$1bn in potential savings identified through Boston microgrids

A study performed by MIT Lincoln Lab and the Boston Redevelopment Authority shows that microgrids have the potential to greatly increase the city’s energy resiliency as well as save $1bn in costs.

Jacob Solomon ofà‚ MIT Lincoln Lab explained in the MIT Lincoln Laboratory website that the motivation for the project came from the impact of Hurricane Sandy. The storm wrought much devastation in the US northeast but it was noted that many of the areas that maintained power did so through the presence of microgrids.
Boston city skyline
MIT and Boston Dedevelopment Authority produced then the Boston Community Energy Study, an investigation into a resilient power system design for Boston.

An important part in the study involved determining feasible locations for microgrids by discovering the areas in which energy usage is highest.

Following that step the team identify an ‘anchor building’ for a microgrid. The anchor building is one that demands enough energy to justify the investment in local infrastructure upgrades for establishing a microgrid. Siting a microgrid in the location of an anchor building makes an infrastructure investment palatable to the city and encourages local stakeholders to consider connecting to the microgrid.

Eric Morgan, a member of the Laboratory’s Energy Systems Group who utilized his previous experience with microgrid analysis in his role as technical lead of this energy study told Solomon of the benefits of the microgrid.

“First, microgrids can decouple from the larger utility grid and operate autonomously, making them more resilient to large weather events.
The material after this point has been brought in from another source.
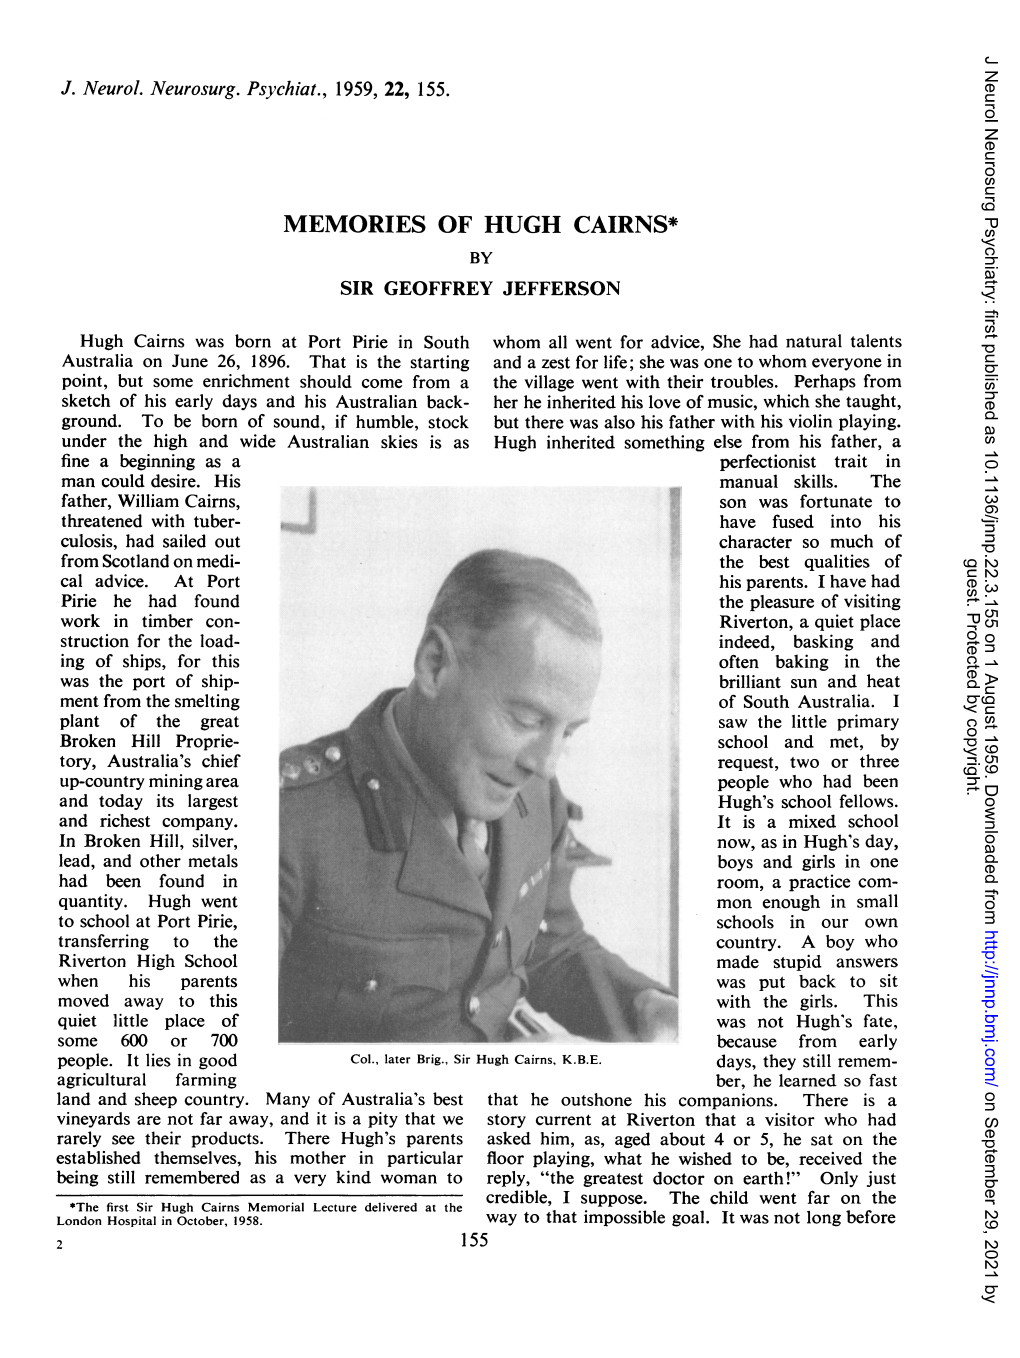 Memories of Hugh Cairns* by Sir Geoffrey Jefferson

Second, when electricity generation and consumption are co-located, as with many microgrids, there is an opportunity to utilize the waste heat (i.e., the byproduct of energy generation) within neighbouring buildings for hot water, heating, or even cooling.” A CHP system that makes use of waste heat produces two energy products from a single fuel source, effectively doubling fuel efficiency.

While assessing new resilience strategies, the BRA identified a gap in the data on the energy usage of small buildings, and even some commercial buildings, in Boston. To address this deficit, the BRA asked the MIT Sustainable Design Lab (SDL) to generate a map of simulated energy usage for each building during every hour of the year. The SDL used datasets about building age and type, provided by the City of Boston, to produce thermal and electrical use estimates of 85,000 buildings. Morgan developed an algorithm that could determine where in Boston to put microgrids.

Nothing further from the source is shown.